We'll substitute y = x^{3}.

y^{2} + 8y + 12

(y + 6)(y + 2)

(x^{3} + 6)(x^{3} + 2)

Of course, if you were factoring over reals, and you happen to know the rule for factoring a sum of cubes, you could factor this further. But since you mentioned not knowing what to do for exponents larger than two, we can save that for another day!

Similarly, if it was x^{10} +8x^{5} + 12, you would do the substitution y = x^{5}.

## Longest Answer

Again, this only works for trinomials under certain circumstances. But what if the expression doesn't match those criteria? Let's take an example:

x^{3} + 5x^{2} - 2x - 10

In this case, we can't do a substitution to simplify it, so we'll try doing some *grouping*. Since there are four terms, I decide to try breaking it into two groups of two terms each:

(x^{3} + 5x^{2}) - (2x + 10)

Now we can factor each group:

x^{2}(x + 5) - 2(x + 5)

Oh! Since both binomials in parentheses are the same, we can rewrite this as:

(x^{2} - 2)(x + 5).

This technique *sometimes* works. Sometimes grouping works only if you get creative in your groupings. Sometimes you need to rearrange the terms. Sometimes you might need to group them into groups of three terms, or groups of four terms.

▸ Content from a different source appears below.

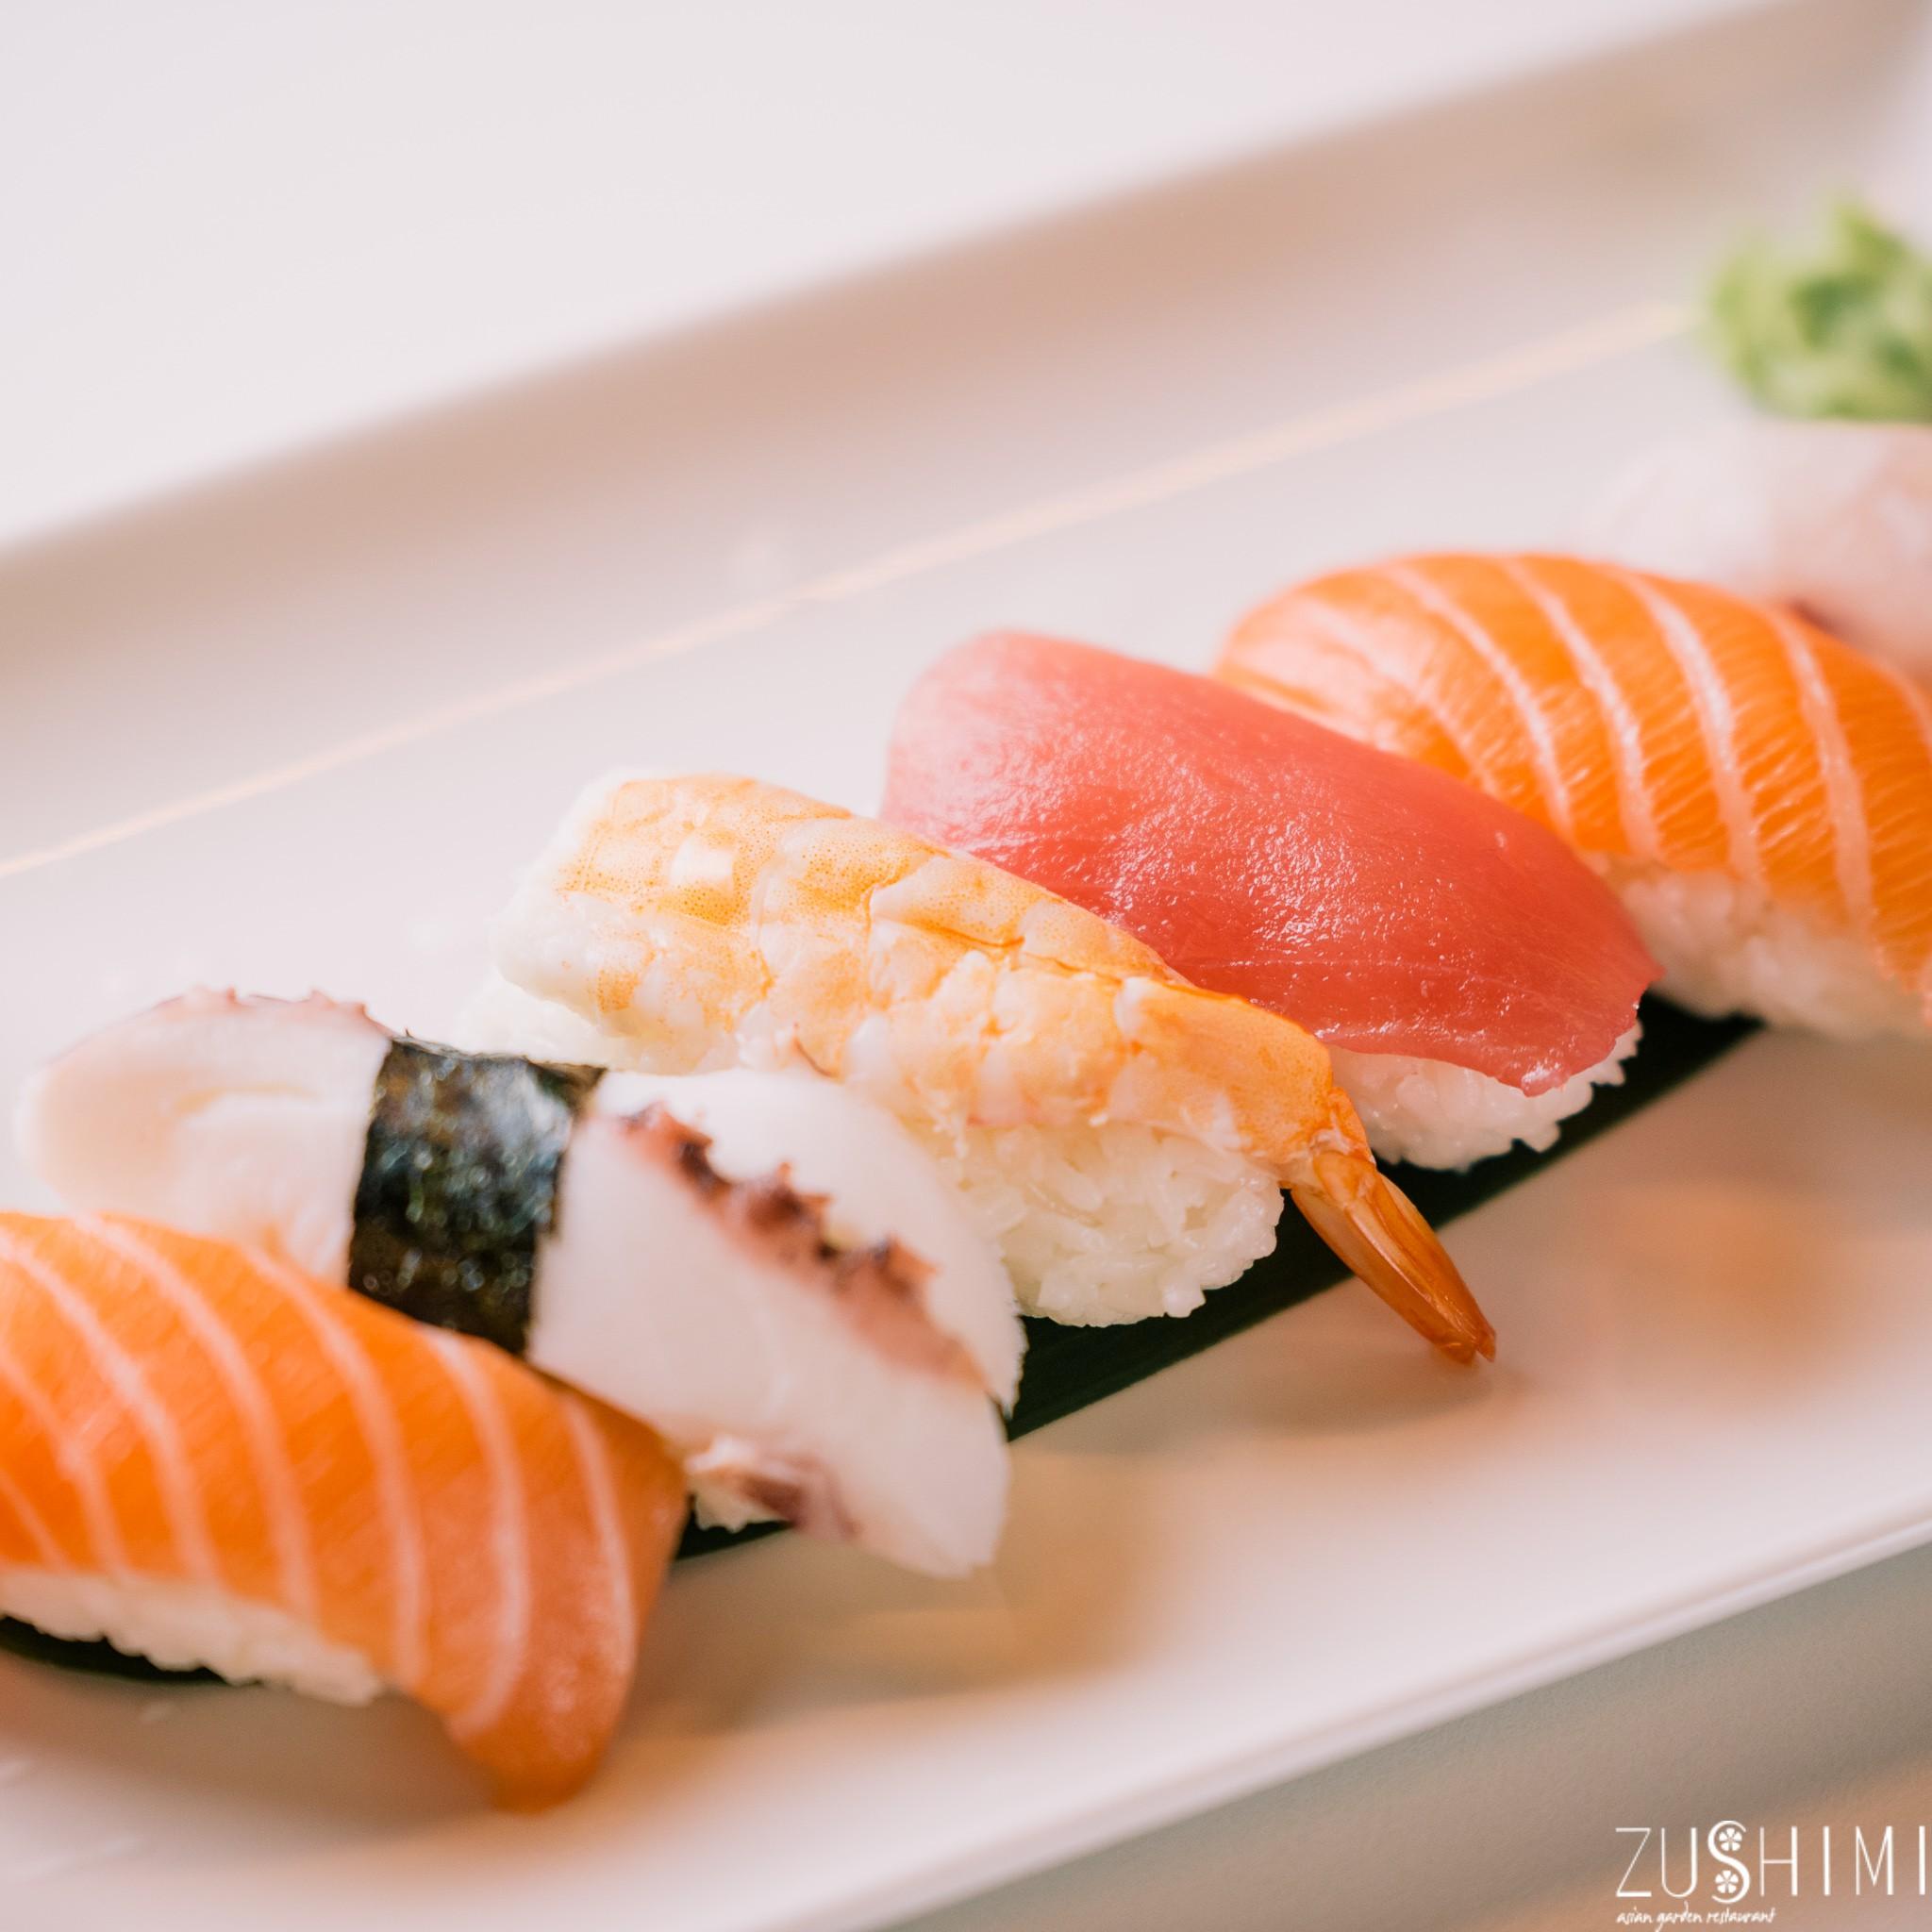 zushimi nigiri mix
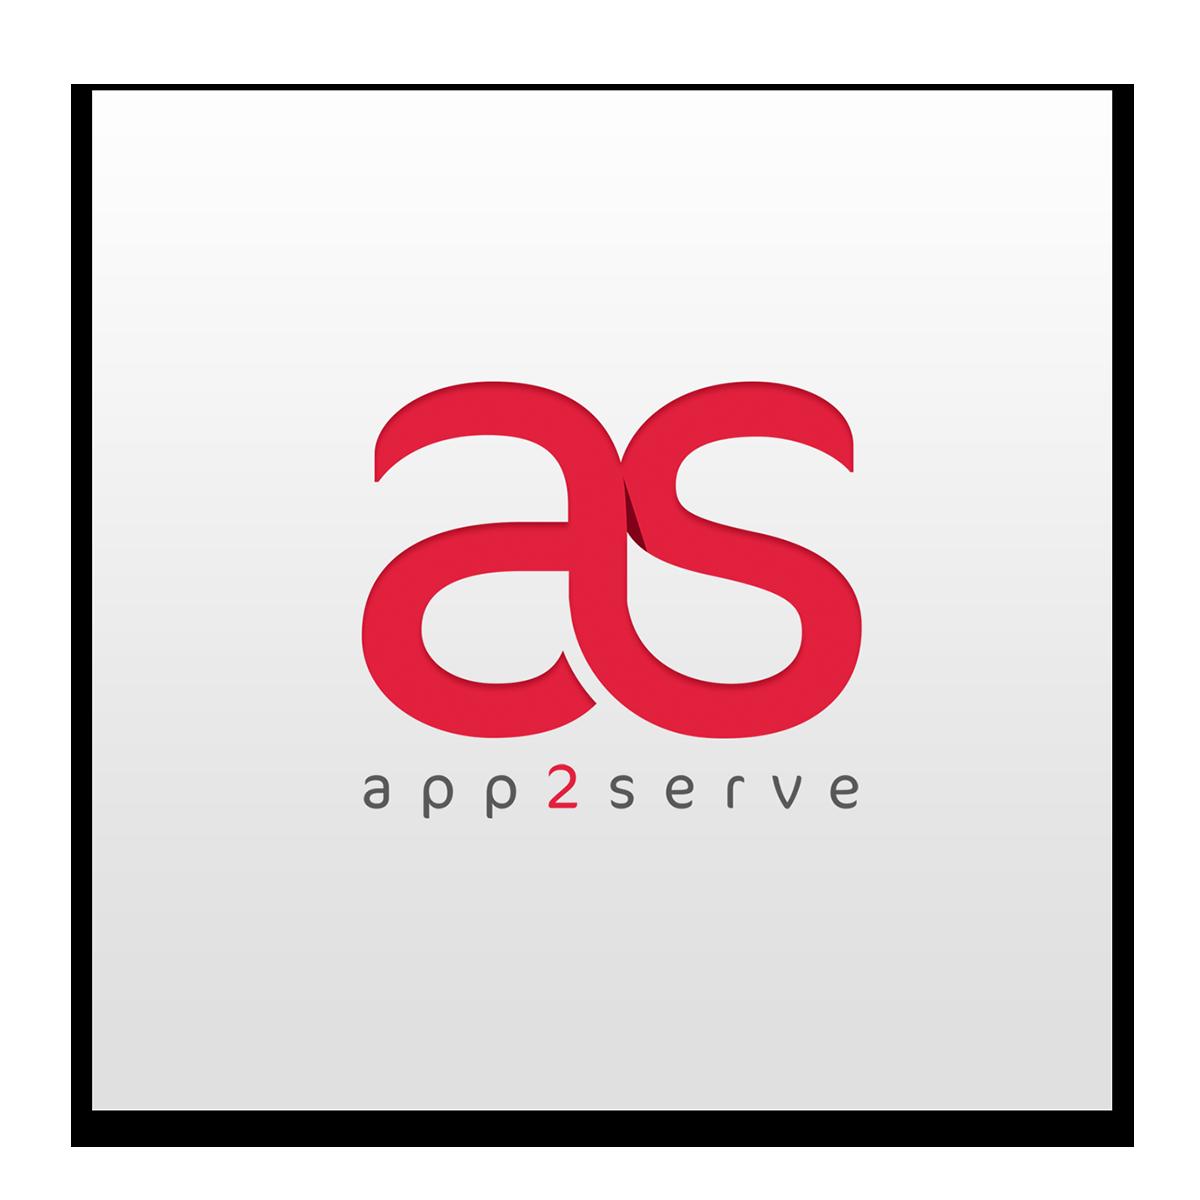 about app2serve

Here's an example of rearranging terms:

x^{3} + 3x^{2} + 3x + 1

(x^{3} + 1) + (3x^{2} + 3x)

(x + 1)(x^{2} - x + 1) + 3x(x + 1)

(x + 1)(x^{2} + 2x + 1)

(x + 1)^{3}

## Confession Time

When I first saw your problem I did *not* come up with the simple solution. I wasn't paying attention, I guess, and my first thought was: I'll do this by grouping. I know. I made it harder than it really is. But even when you make a problem harder than it really is, sometimes you can come up with something interesting. In this case, I looked at your expression and rewrote it splitting the middle term into two pieces* like this:

x^{4 }- 3x^{2} + 2

x^{4 }- x^{2} - 2x^{2 }+ 2

(x^{4}^{ }- x^{2}) - (2x^{2 }- 2)

x^{2}(x^{2 }- 1) - 2(x^{2} - 1)

(x^{2} - 2)(x^{2} - 1)

(x^{2} - 2)(x - 1)(x + 1)

And I got the same answer, even though I took a silly, round-about method.

Hope all of this was helpful - or at least interesting!

* And if you're wondering, "Why in the world did you split it in that particular way?" The answer is, "I don't really know. I just had a gut feeling it would be helpful."